Description of the task | In duplicating the lines below, keep every word unchanged and drop the pictures.

Data section |

= Beginning of Section =

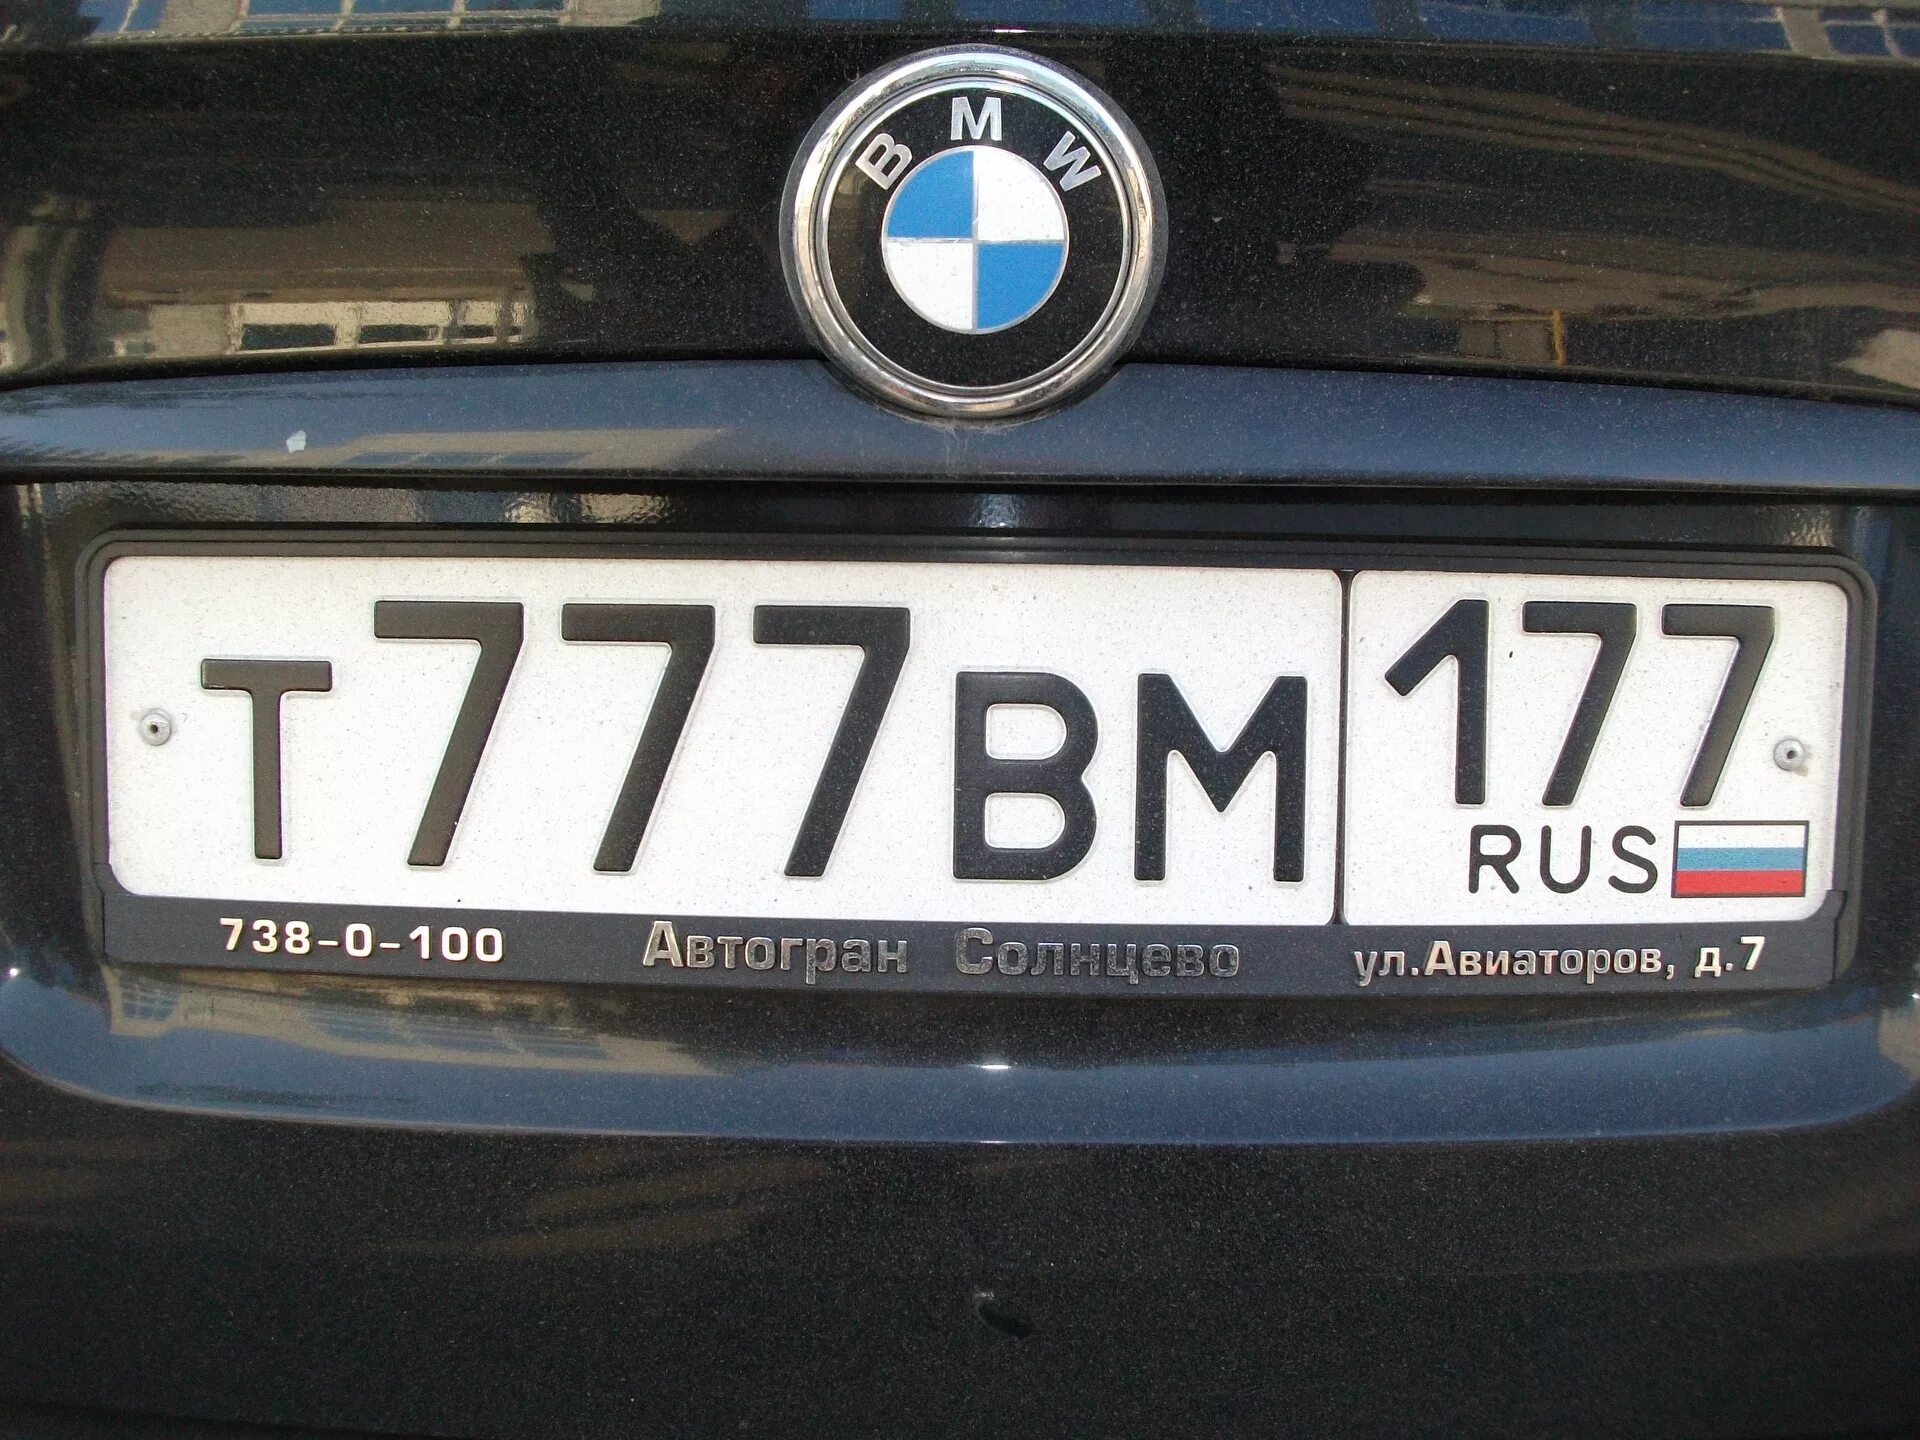 Номер видала. Номера машин. Номерной знак автомобиля. Российские номера. Российские номера машин.
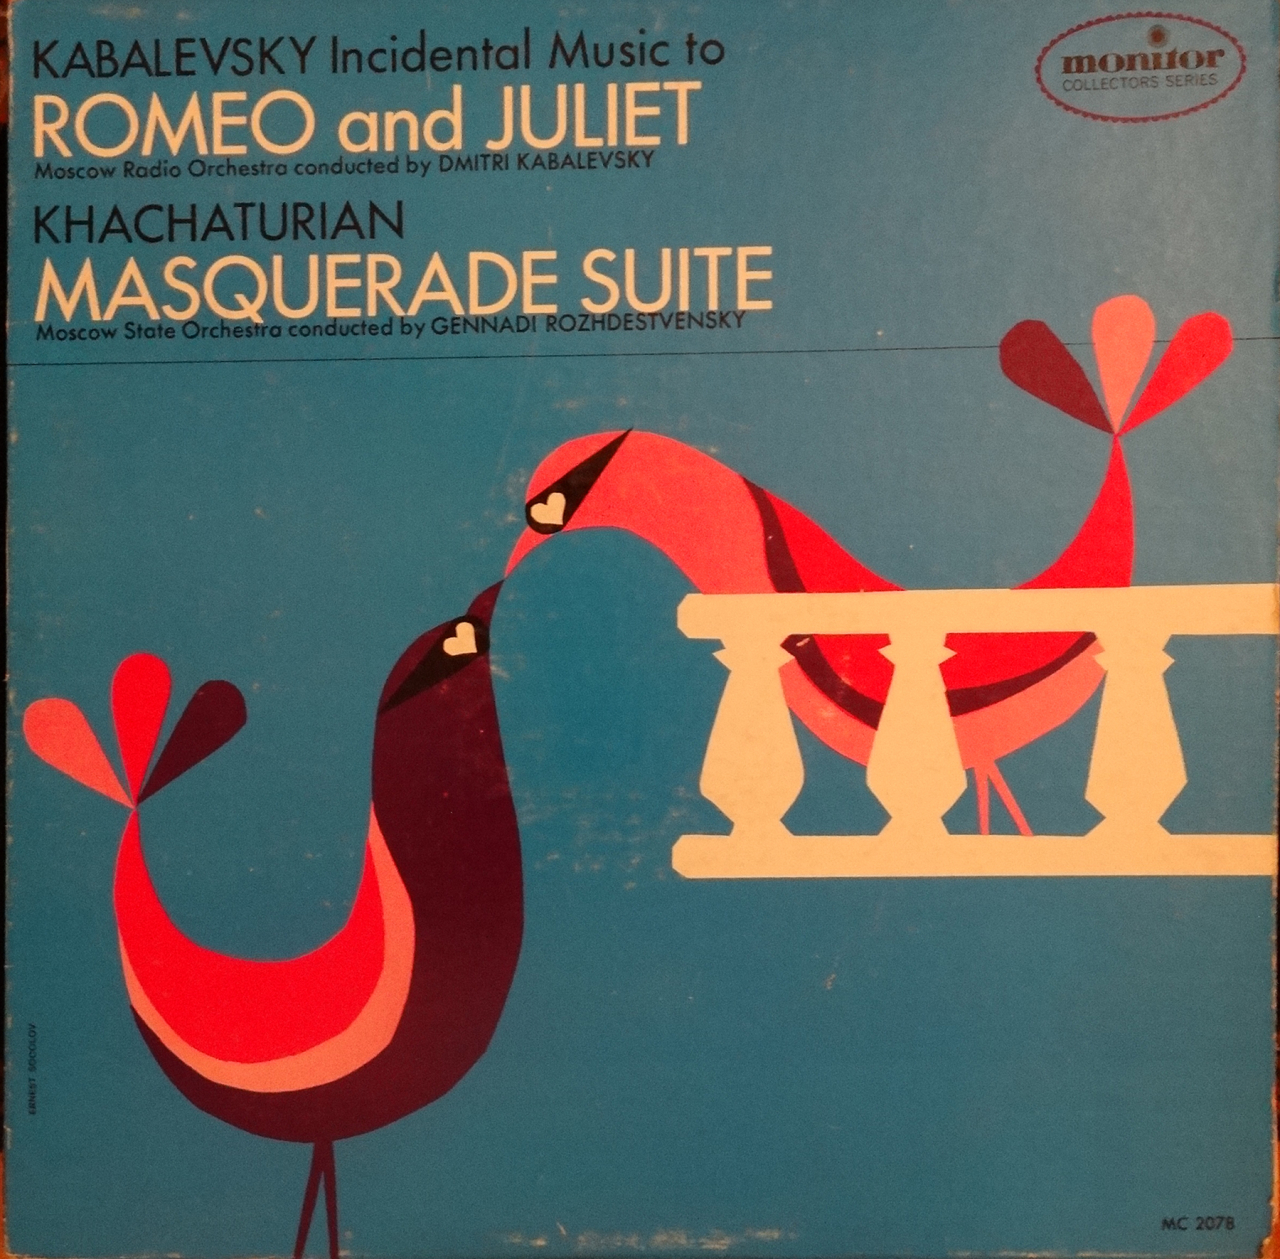 Ձայնապնակ. Ա. Խաչատրյանի Սյուիտը Լերմոնտովի «Դիմակահանդես» դրամայի համար գրված երաժշտությունից և Դմ.Կաբալևսկու «Ռոմեո և Ջուլիետ» դրամայի համար գրված երաժշտությունը
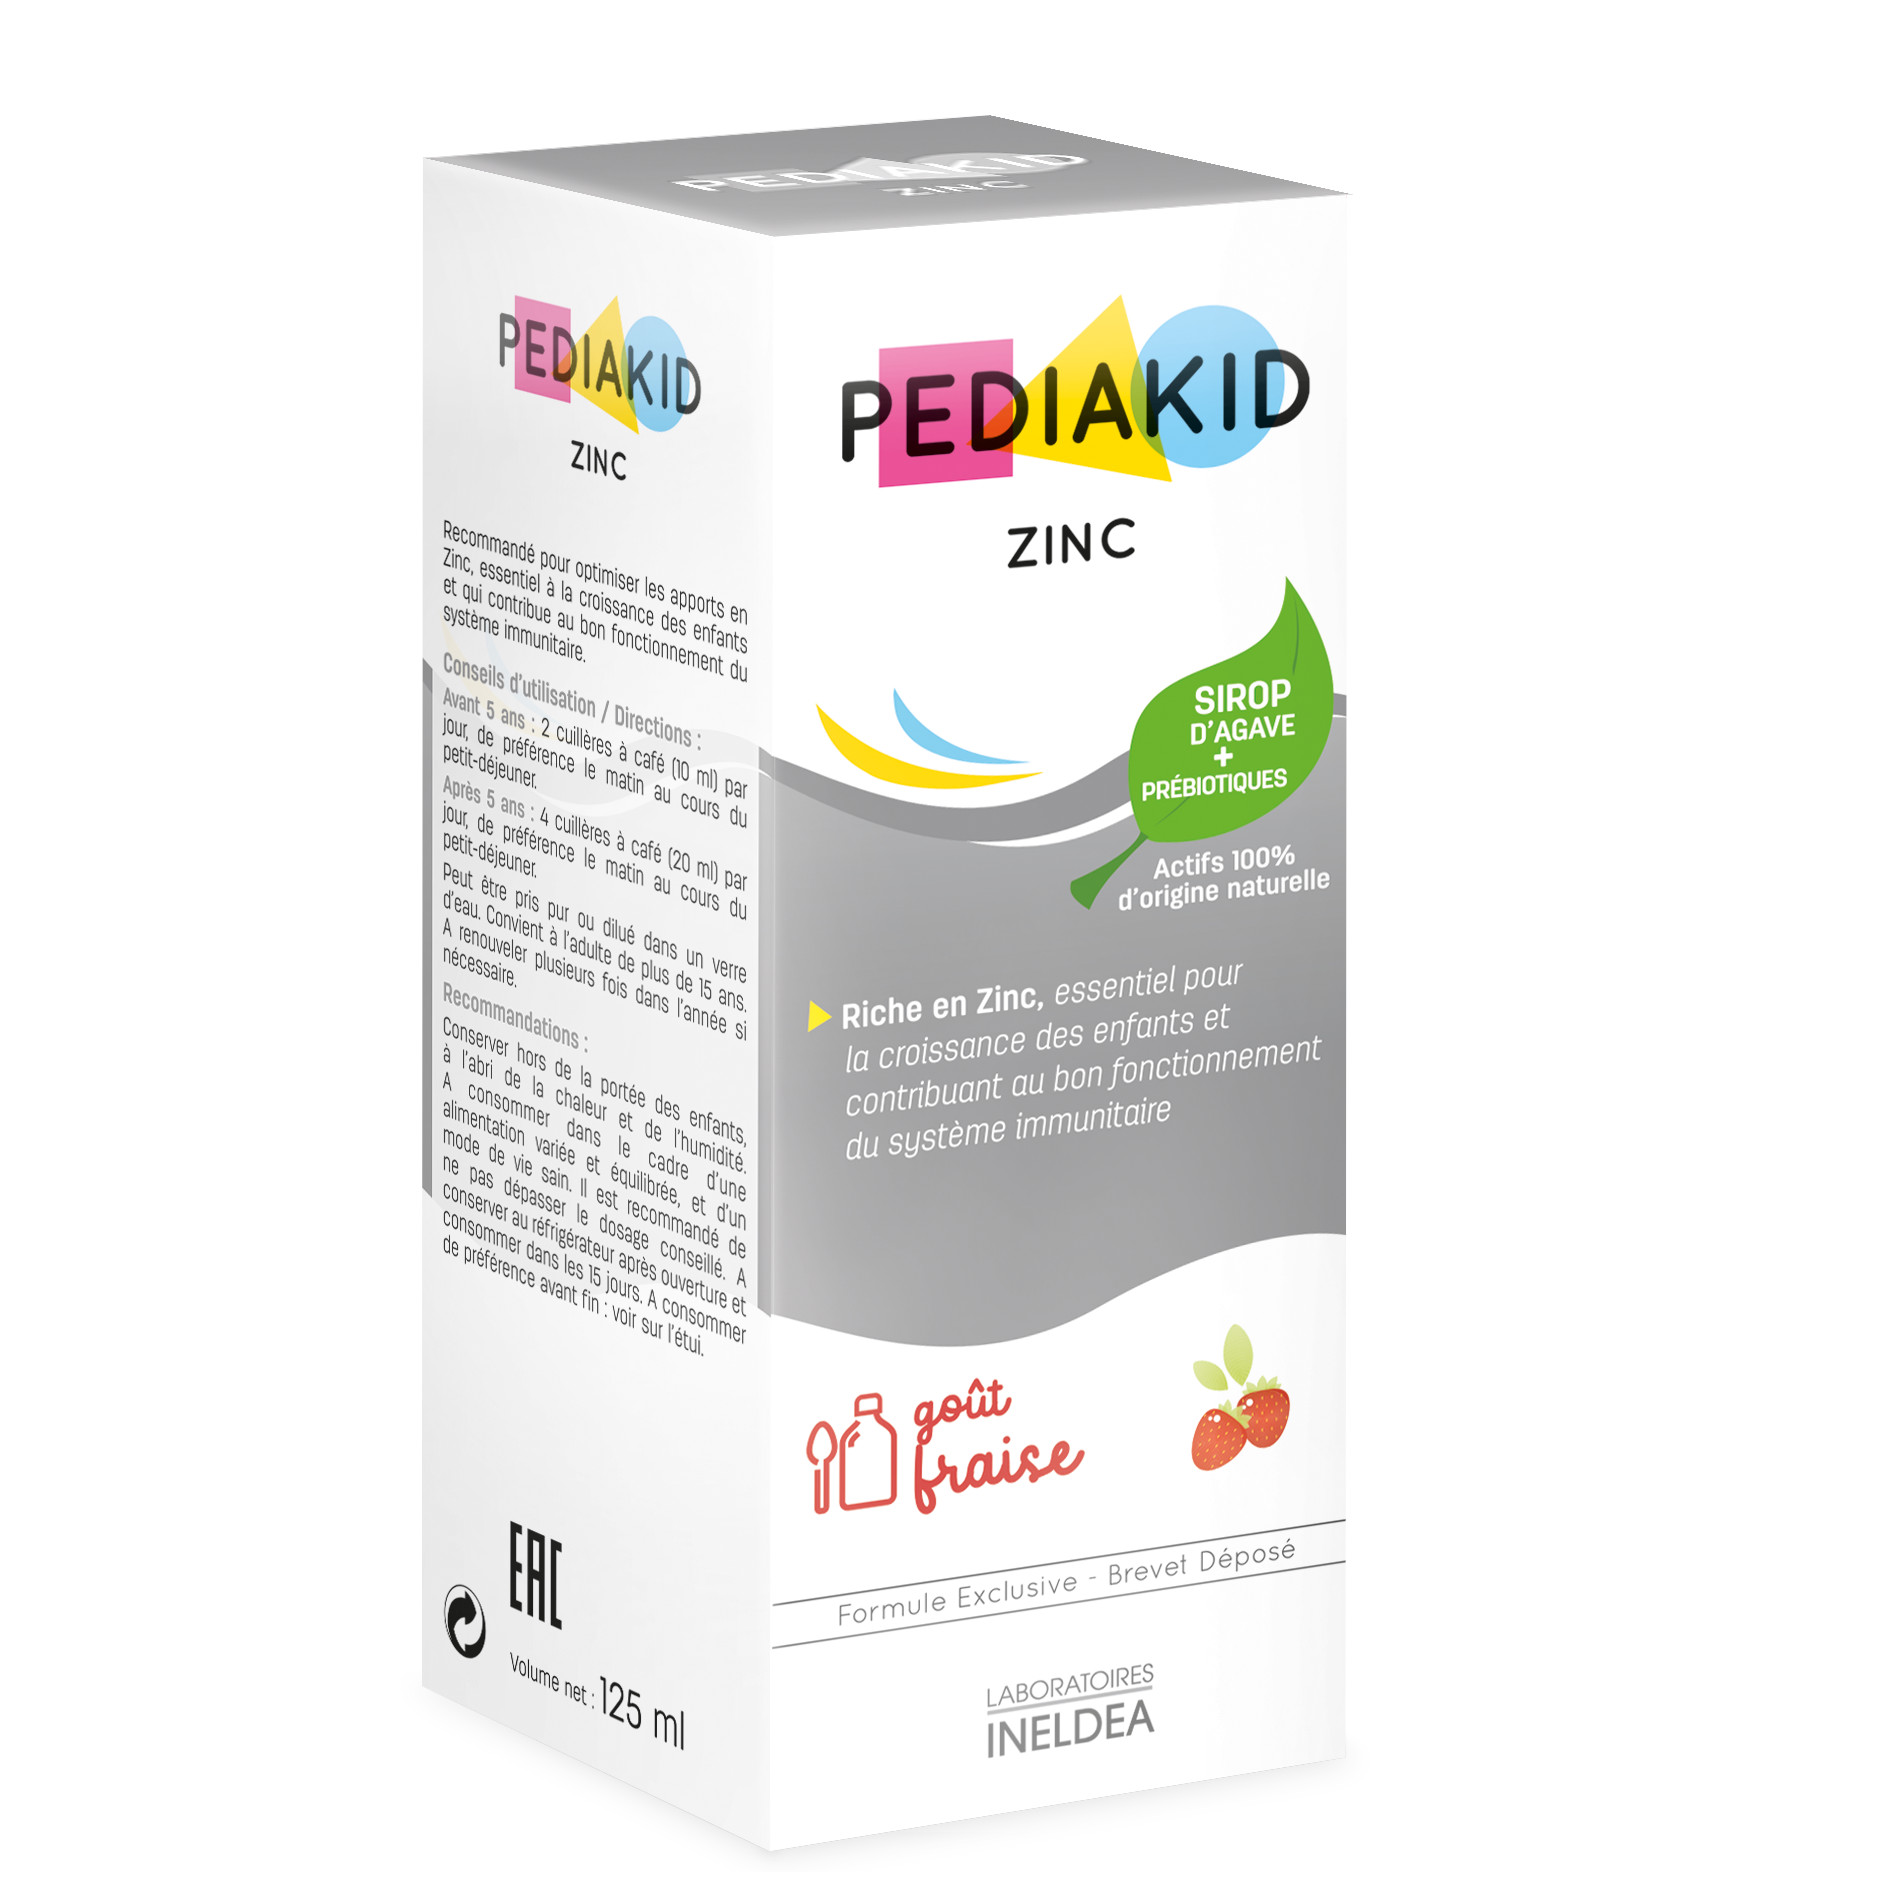 Pediakid vitamin. Витамины для детей Pediakid. Унитекс Педиакид. Педиакид 22 витамина. Педиакид цинк для детей.

= End of Section =

Your response |
 Номер видала. Номера машин. Номерной знак автомобиля. Российские номера. Российские номера машин.
 Ձայնապնակ. Ա. Խաչատրյանի Սյուիտը Լերմոնտովի «Դիմակահանդես» դրամայի համար գրված երաժշտությունից և Դմ.Կաբալևսկու «Ռոմեո և Ջուլիետ» դրամայի համար գրված երաժշտությունը
 Pediakid vitamin. Витамины для детей Pediakid. Унитекс Педиакид. Педиакид 22 витамина. Педиакид цинк для детей.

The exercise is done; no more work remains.